Cal Football

Former Cal Captain with ALS Says Baby On Way is 'Fuel to Keep Going'

August 22, 2020

Last year in October, Eric Stevens was tragically diagnosed with amyotrophic lateral sclerosis, or ALS, a nuerodegenerative disease with no known cure or causes. Stevens had been a firefighter at the Los Angeles Fire Department before being diagnosed, and married former Cal soccer player Amanda Stevens just weeks before. The news was shocking and almost caused Eric to pass out on the spot. That did not deter him and his family, however, from fighting strongly against the dreadful disease.

A year after, Eric and Amanda have been met with great news: a baby girl expected in the coming months! In an interview with People Magazine, Eric says the baby will provide “more fuel to keep going and to keep fighting.” His story is as inspiring as it is dire, with the Cal Bear living a tremendous life of adventure, courage, and aptitude up to this point. Our hearts and prayers are with him and his amazing, supportive family.

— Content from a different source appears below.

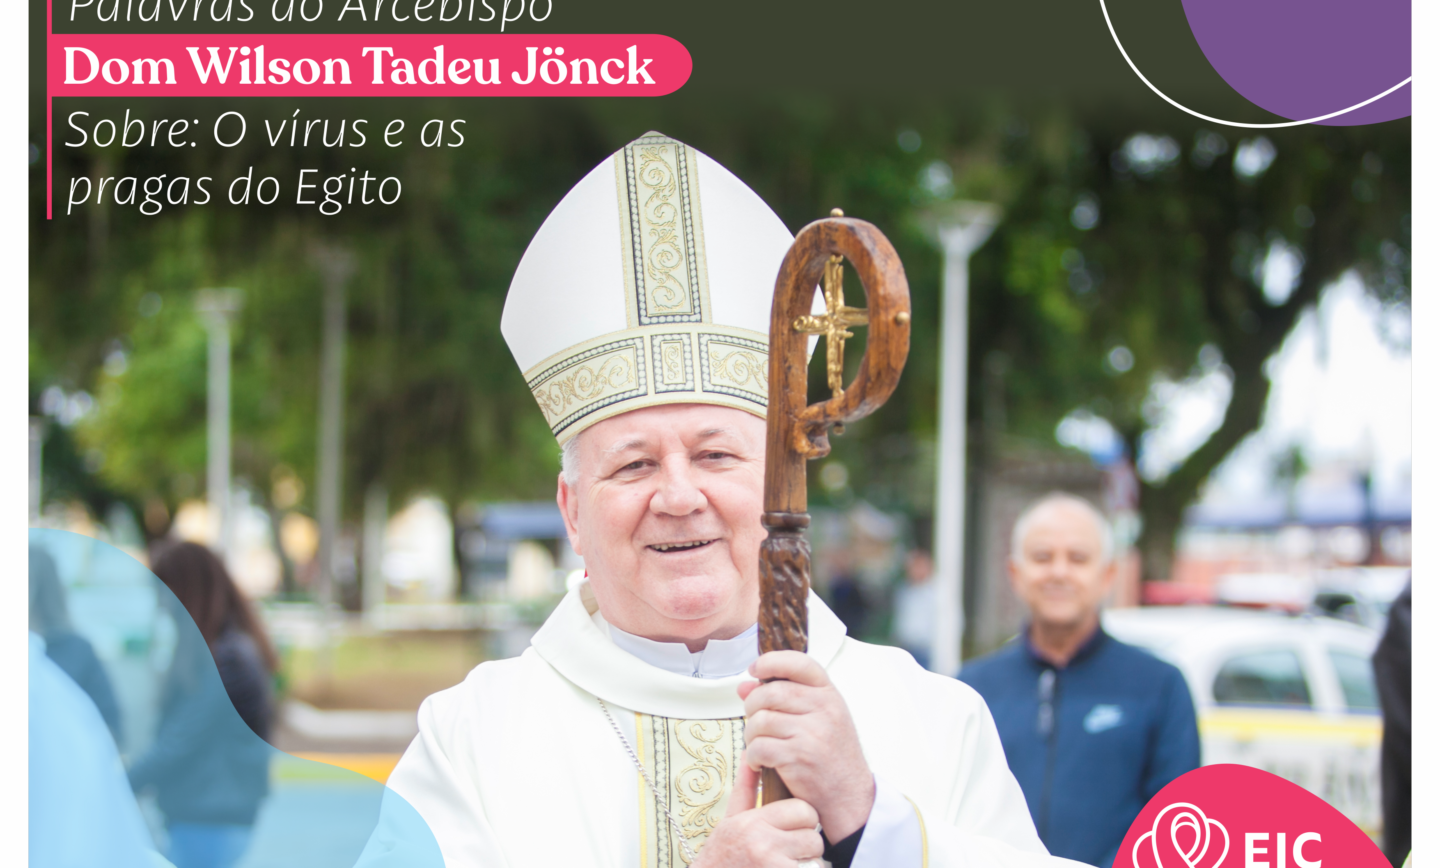 Arcebispo Dom Wilson Tadeu Jönck –  “O vírus e as pragas do Egito”
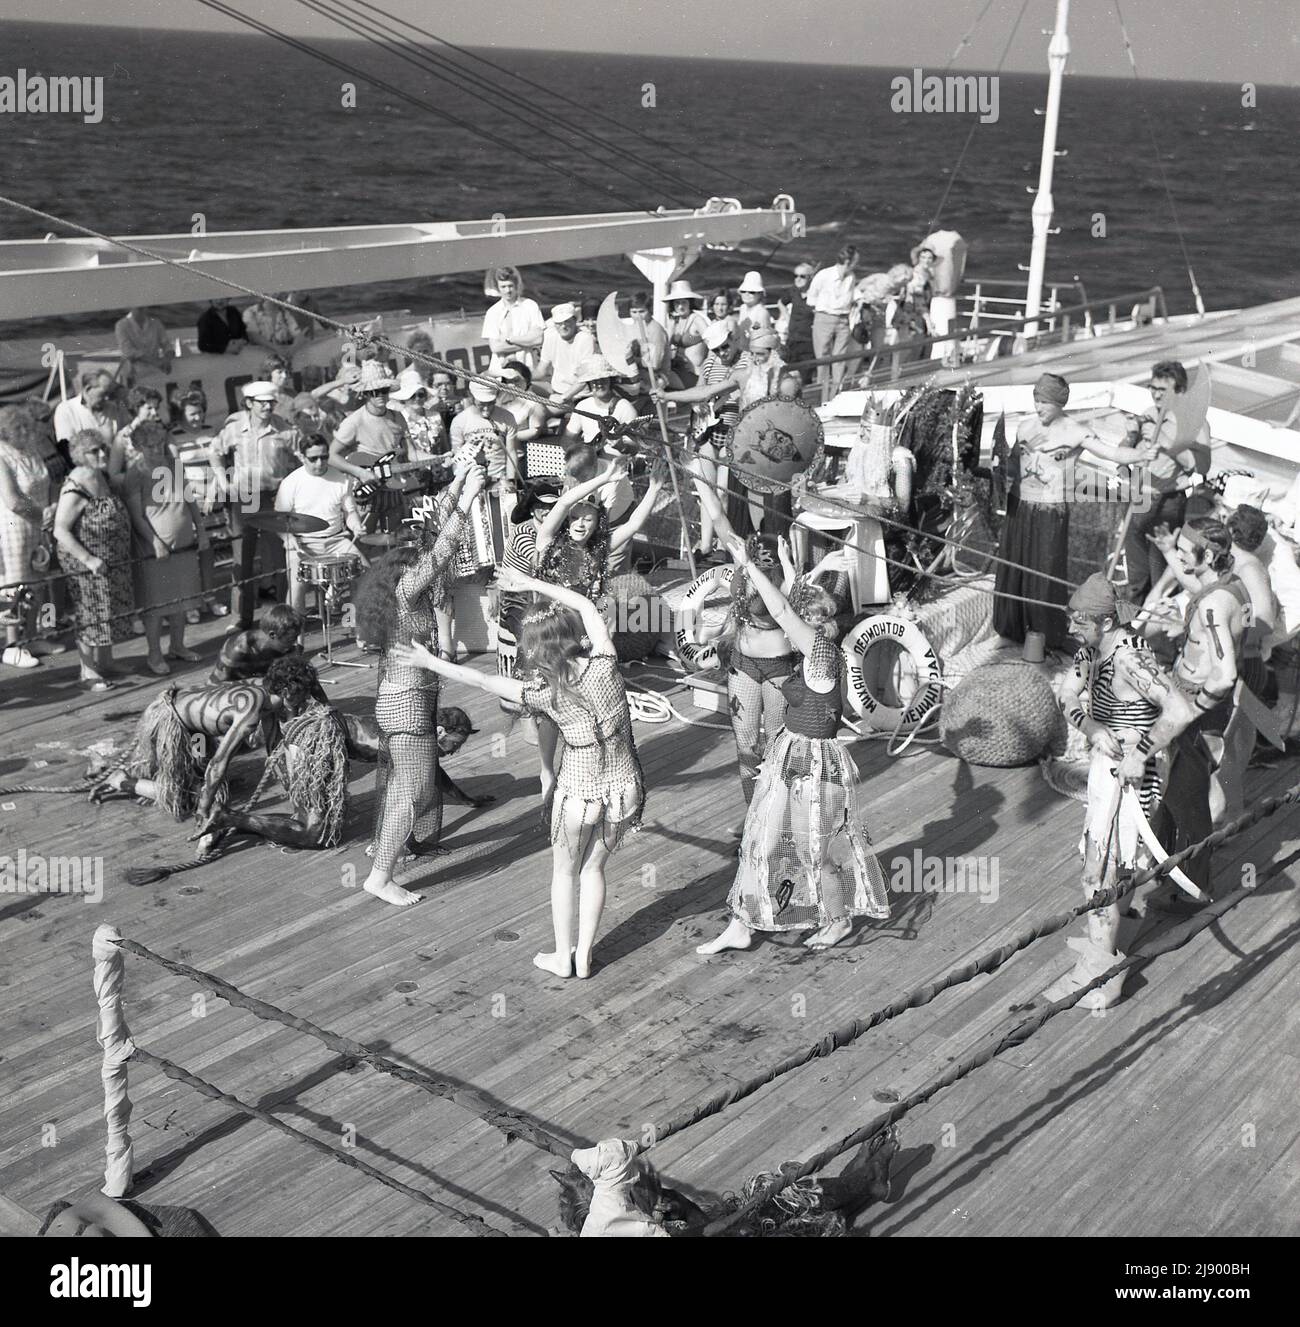 1960s, historisch, mitten im Ozean, an Deck des Sagafjord-Kreuzfahrtschiffs, spielt eine Band Musik als Passagiere, die sich verkleidet haben, um die Linienübergangszeremonie, eine Wassertaufe oder ein Ritual zu feiern, wenn ein Schiff den Äquator überquert, Wird manchmal als eine Intiation in den Hof von König Neptun bezeichnet. Stockfoto

Patty Hood - Cal Fire Local 2881
Team Stevens Nation posing with former governor Arnold Schwarzanegger

In a fundraising campaign titled Team Stevens Nation, created last October, family members of Eric called for help from the community to assist them in paying an estimated $300,000 a year to treat ALS. So far the campaign has been successful, raking in over 1 million dollars to help Stevens get the treatment he deserves. The fundraiser has brought in so much attention that celebrities such as Arnold Schwarzanegger, Sofia Vergara, and Joe Manganiello have shown their support and made donations.

Some of Eric’s biggest supporters have been his wife Amanda and three older brothers. Two of them are firefighters, and his oldest brother Craig was also a Golden Bear, playing tight end there and for the Tennesse Titans for eight years after. Jeff Fisher, fomer coach of the Titans remembers Craig as a “muscled-up badass, freakin’ hard-working, smart tight end.” When Fisher became coach of the Rams, he signed Eric Stevens as an undrafted free agent in 2013. “That was a no-brainer,” Fisher said. “If this is a Stevens, I’m going to bring this kid to camp.”

At Cal, Stevens was a force to be reckoned with. He was a do-it-all fullback, whose greatest strength was of course blocking, but could also carry the rock, catch it, and make tackles. Strength was his greatest asset, as he was named Cal football’s senior lifter of the year, and bench pressed 225 pounds 25 times at Cal’s pro day. It’s no wonder he was a team captain and nominated for the Burlsworth Trophy, given annually to the nation's most outstanding player who began his collegiate career as a walk-on.

A series of injuries, including a few concussions, caused Eric to end his career as a football player while he was with the St. Louis Rams. He then went onto the next chapter of his life and became a firefighter.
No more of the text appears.